Deciding that you want to do CD and actually doing CD are two completely different things. Depending on the current state of the project and the level of knowledge and commitment amongst its members and stakeholders it might be very hard to incorporate CD best practices and strategies into the development process. CD doesn't only heavily depend on tools but also on process. With the tooling in place CD can still fail. Team members should incorporate the CD philosophy into their every day activities. It demands a certain kind of work-flow and willingness of members to always produce production ready code. It also demands that people, to some extend, give up their preferred roles. Developers are not just developers. Testers are not just testers. Sysadmins are not just sysadmins. CD requires adoption of the DevOps philosophy. Everyone will be responsible for producing production quality code. Everyone will be responsible for tests. Everyone will be responsible for deploying the application and maintaining the automation of the CI/CD pipeline.

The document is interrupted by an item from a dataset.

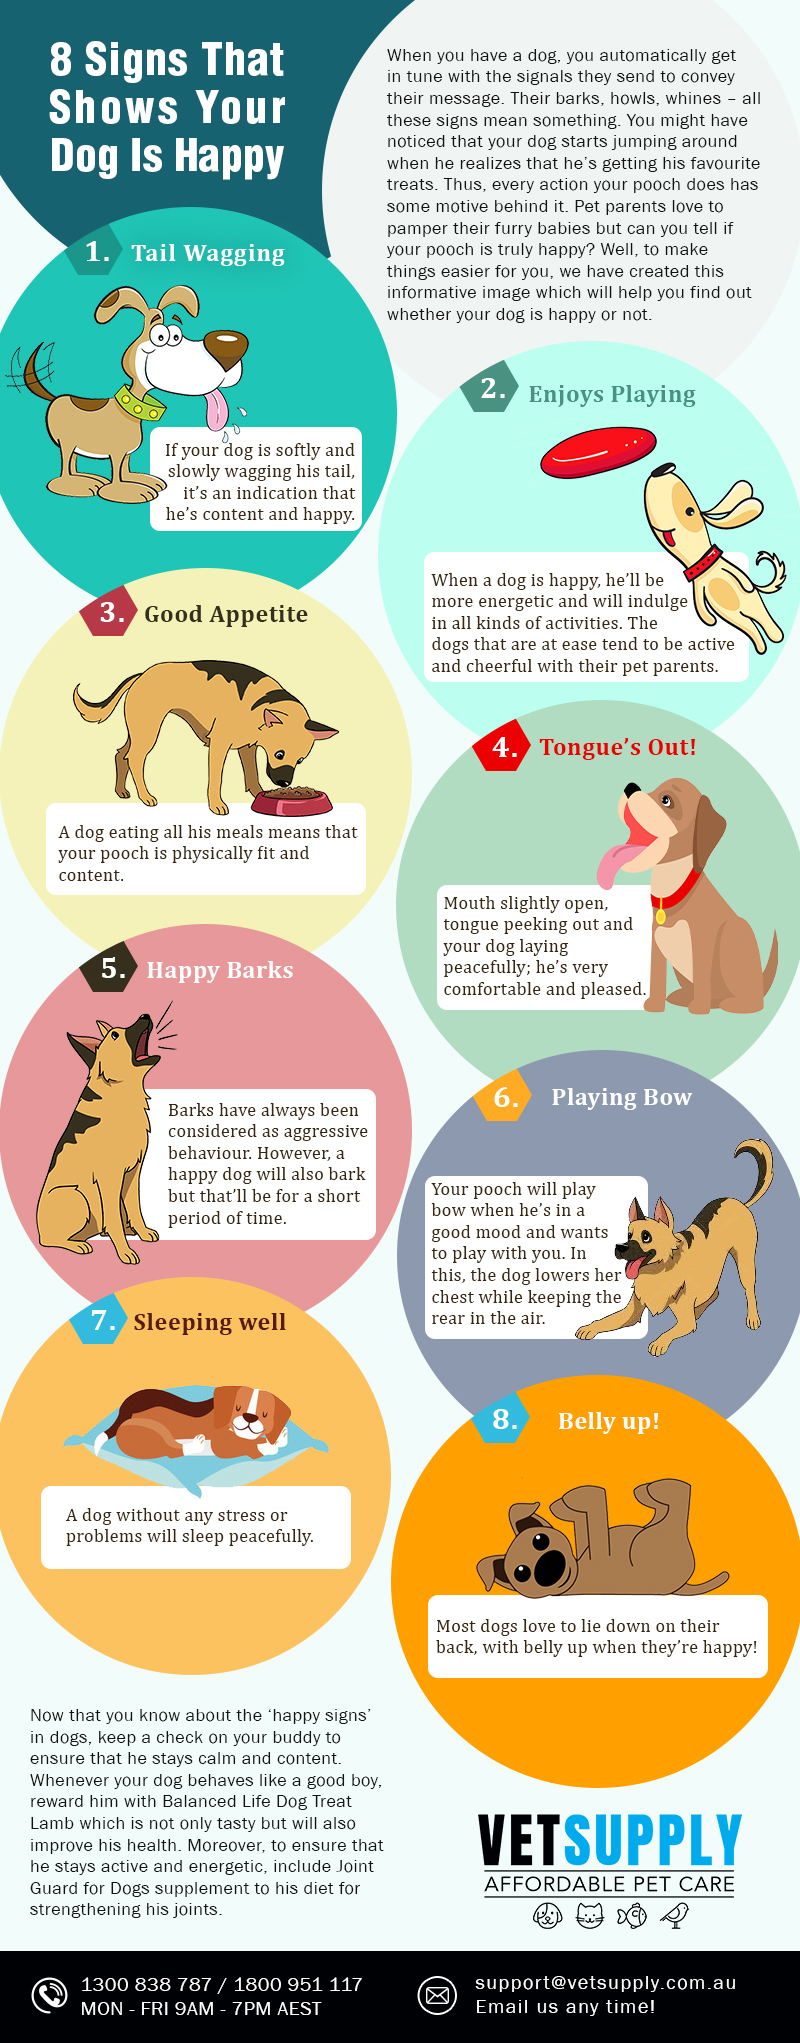 Top 5 Signs That Your Dog is Happy  
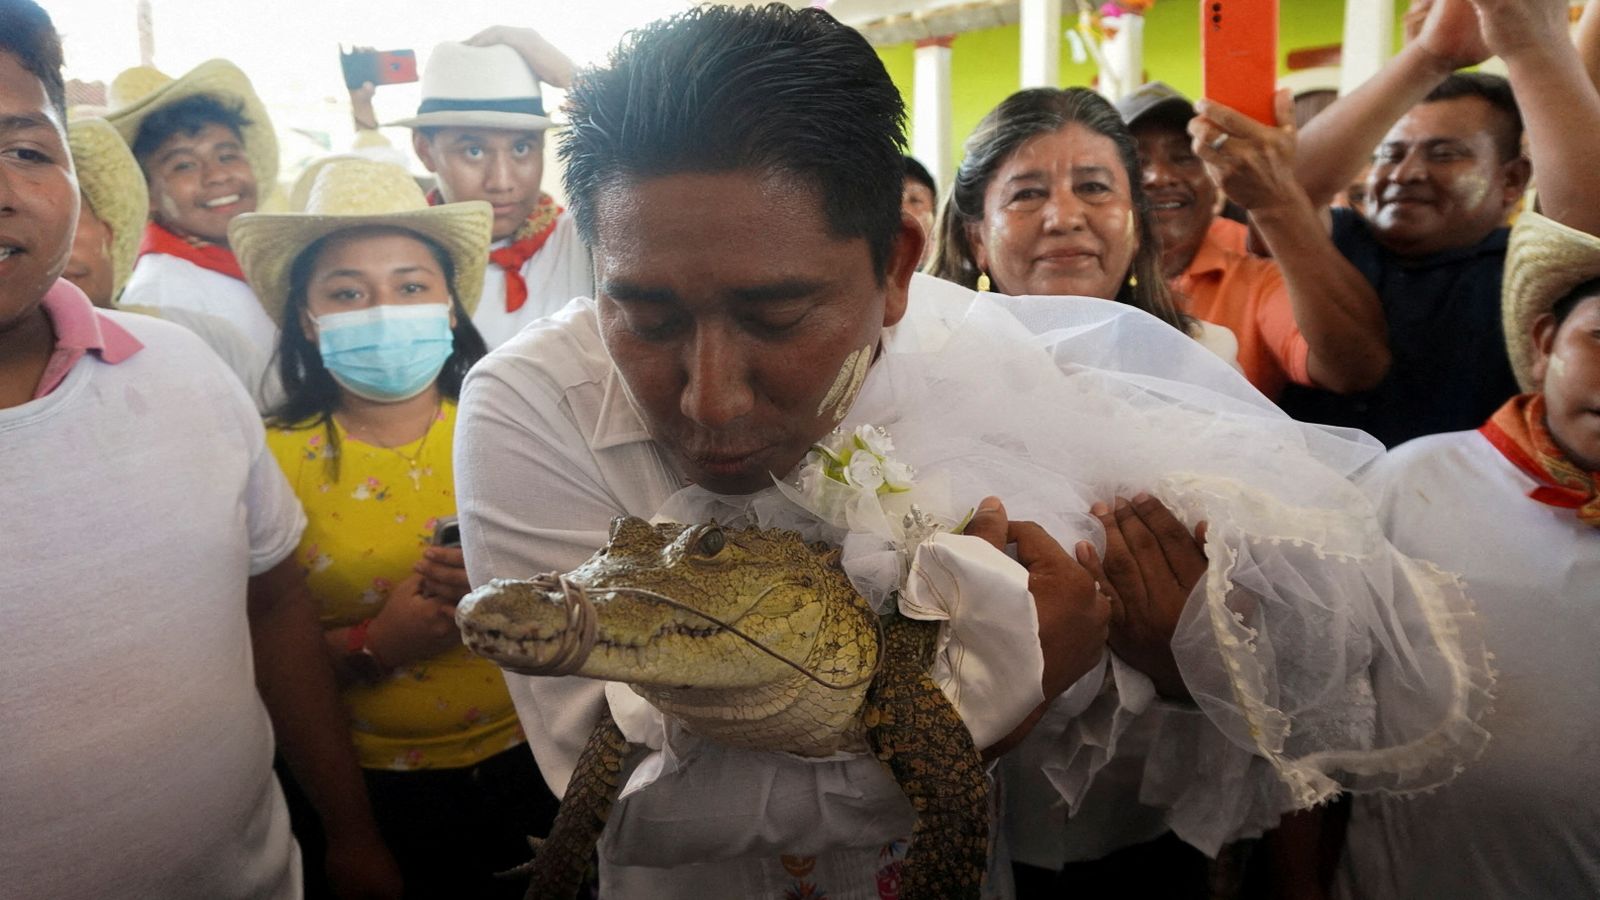 Mexican mayor marries croccodile ‘to bring fortune’ to his people

Not everyone will be willing to give up or share their role. And then there is the business. The business might not be willing to have that many release cycles. How will they update customers? But even then, CD is valuable because it gives constant feedback about the quality of the entire system.

Even if you can work out the process and everyone is willing to contribute it might still be a hard nut to crack because of legacy systems with low test coverage. Investment is needed to crank up the test coverage before decision makers might convinced to automatically roll-out changes.

  • What are problems that teams encounter when CD is introduced?
  • What are their mitigation strategies/solutions to these problems?
  • What is the impact of CD on ...
    • Software quality
      • Are bugs found earlier (before production)
    • Development pace
  • What is the impact of CD on team roles?
  • Do the proposed benefits of CD actually exist?
    • Do the benefits outweigh the overhead of CD?

Papers / Articles

Articles references

On the journey to continuous deployment: Technical and social challenges along the way (claps2015journey)

Literature review and case study at Atlassian. Contains summary of challenges faced and mitigation strategies.

  • organizations need to be well prepared to handle technical and social adoption challenges
  • requires proper hardware and software to handle the CD process
  • software developers may feel an increased amount of pressure to have code ready to be deployed immediately
  • lack of understanding / lack of motivation
  • team members have to adapt to different tasks in new roles due to working in a CD environment
  • customers may not notice the newly added features
  • this papers mentions 'T. Fitz, Continuous Deployment at IMVU: Doing the Impossible Fifty Times a Day' as where the term CD was first used.